Over the last 10 years, ST Engineering (SGX: S63) has delivered a total return of nearly 233% with dividends reinvested. 

That means a S$10,200 investment would be worth nearly S$34,000 today. The stock hit a record high of over S$8 per share on 6 June 2025.

A Decade of Steady Compounding

Back in June 2015, ST Engineering traded at around S$3.40. Today, that same share is worth over S$8. That alone is a 135% gain in share price.

But that is only part of the story. Over the last 10 years, ST Engineering paid out $1.54 per share in dividends. If you bought 3,000 shares in June 2015, you would have collected $4,800 in dividends along the way.

With dividends reinvested, your total return would have reached 232.9%. That is a 12.8% annual return. All from a company many investors tend to overlook.

Strong Business, Quiet Execution

ST Engineering may not make the headlines often. But its business has continued to grow steadily in the background.

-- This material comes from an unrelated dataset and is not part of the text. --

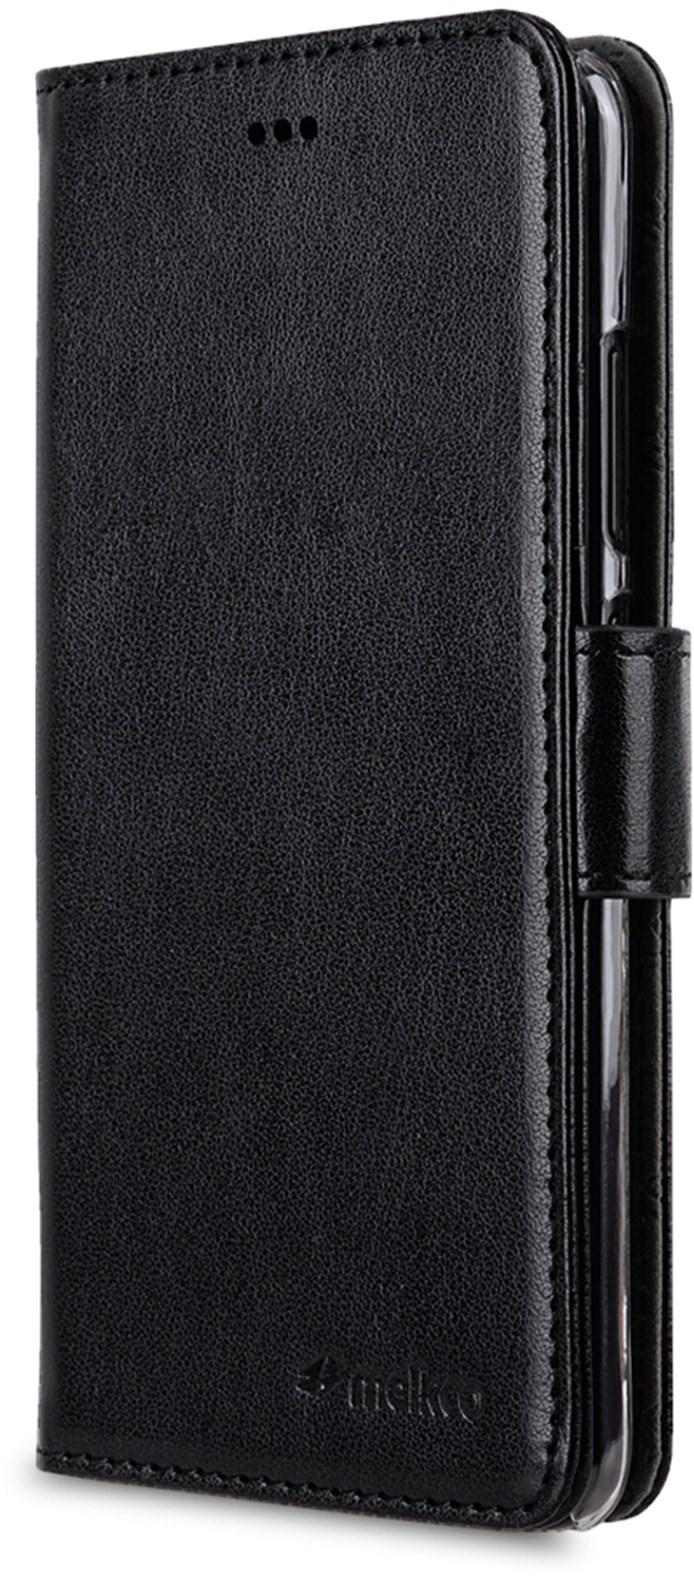 Melkco Walletcase Huawei P20 Pro Black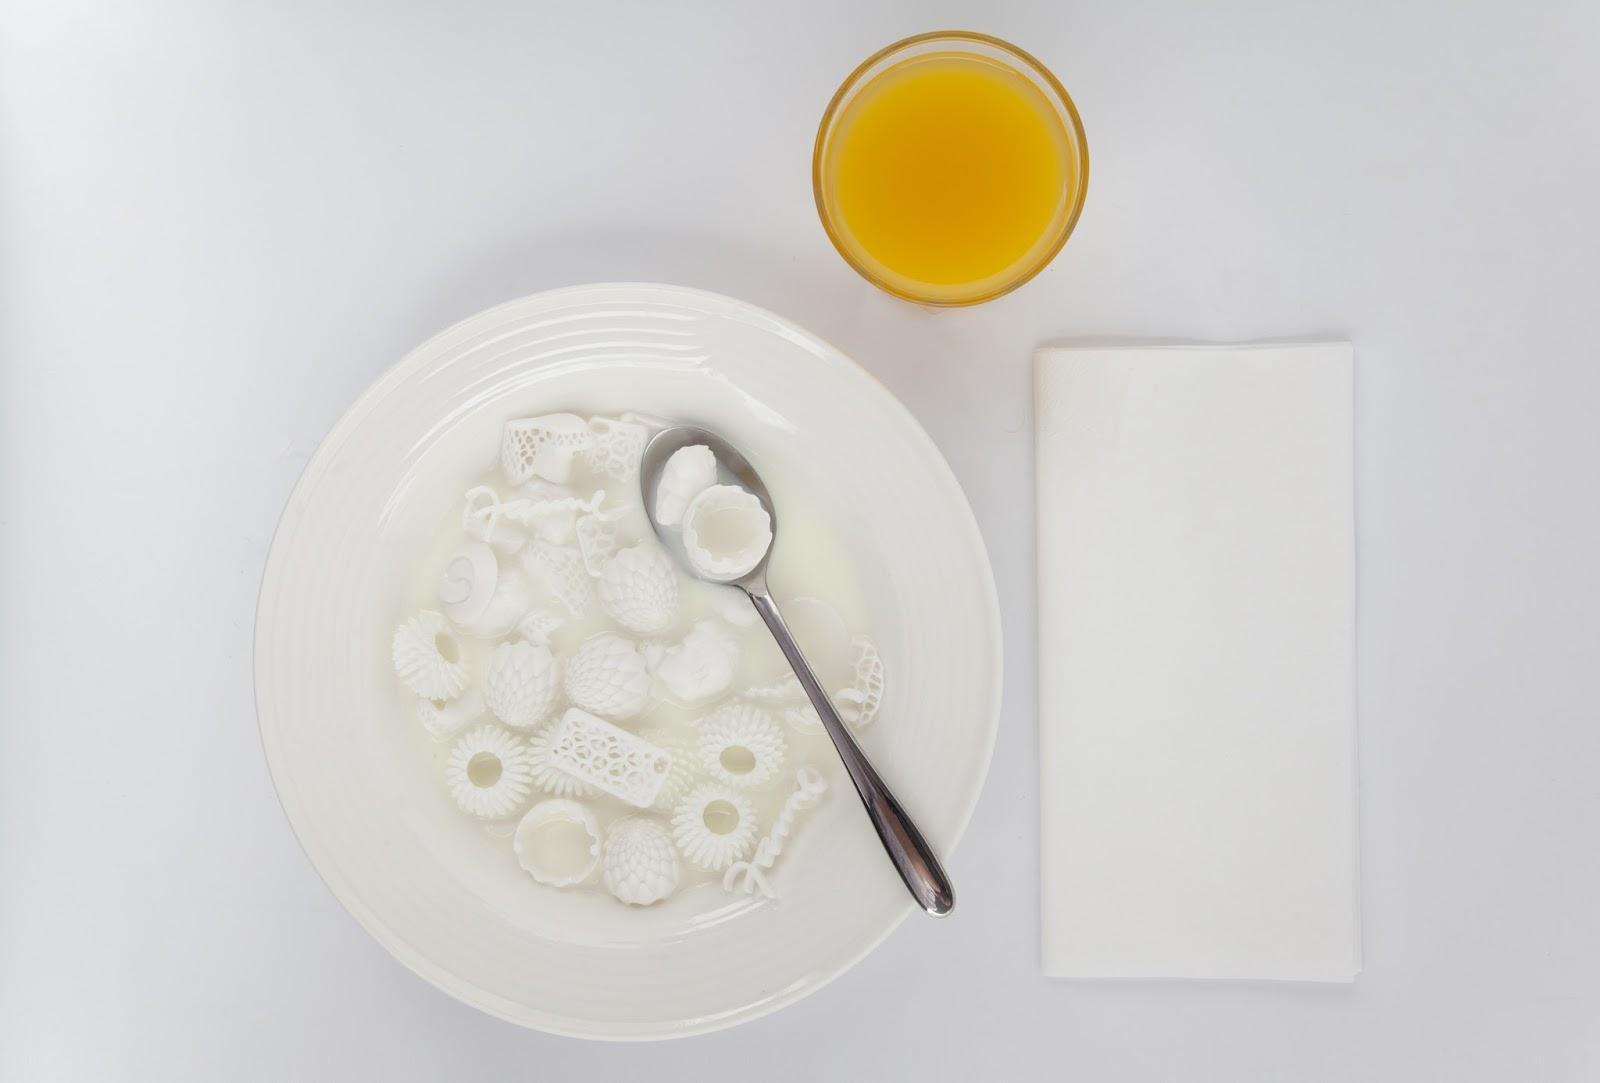 comida-direto-da-impressora-3d-1

Its three core segments are:

  • Commercial Aerospace (39% of revenue): Generated S$4.38 billion in 2024. Growth came from engine MRO, freighter conversions and composite components
  • Defence and Public Security (44% of revenue): Delivered S$4.94 billion in revenue, supported by cyber, land systems and defence aerospace
  • Urban Solutions and Satcom (17% of revenue): Contributed S$1.96 billion, with earnings improvement driven by Urban Solutions and early signs of Satcom recovery

For the full year 2024, ST Engineering reported 12% revenue growth to S$11.28 billion. 

Earnings before interest and tax (EBIT) reached S$1.08 billion, up 18%. Profit before tax (PBT) rose 23% to S$863 million, while net profit increased 20% to S$702 million.

Order Book Visibility

ST Engineering’s order book stood at S$28.5 billion as at end December 2024. 

Of this, S$8.8 billion is expected to be delivered in 2025. That gives investors visibility into future earnings. It is a rare advantage in today’s uncertain environment.

The Turnaround and Recovery

The company faced challenges in the past. News reports of a governance probe emerged in 2014. Its share price fell to around S$2.70 in early 2016.

Since then, new leadership under CEO Vincent Chong, along with a stronger business focus, have helped restore investor confidence. 

Today’s share price reflects that steady recovery.

The Long-Term Lesson

ST Engineering shows that strong fundamentals and steady growth can still deliver impressive returns.

Its performance was not driven by hype. It was driven by contracts, execution and cash flow. And it rewarded shareholders who held on over time.

You do not always need a high-flying stock to grow your wealth. Sometimes, staying invested in a dependable business is enough.

Get Smart: What to Watch Next

ST Engineering will release its next earnings on 13 August 2025. With a record order book, growing revenue streams and improving debt levels, the company is well positioned for the next stage of growth.

For long-term investors, ST Engineering is a reminder that solid companies can quietly deliver over time. You just need to give them time to work.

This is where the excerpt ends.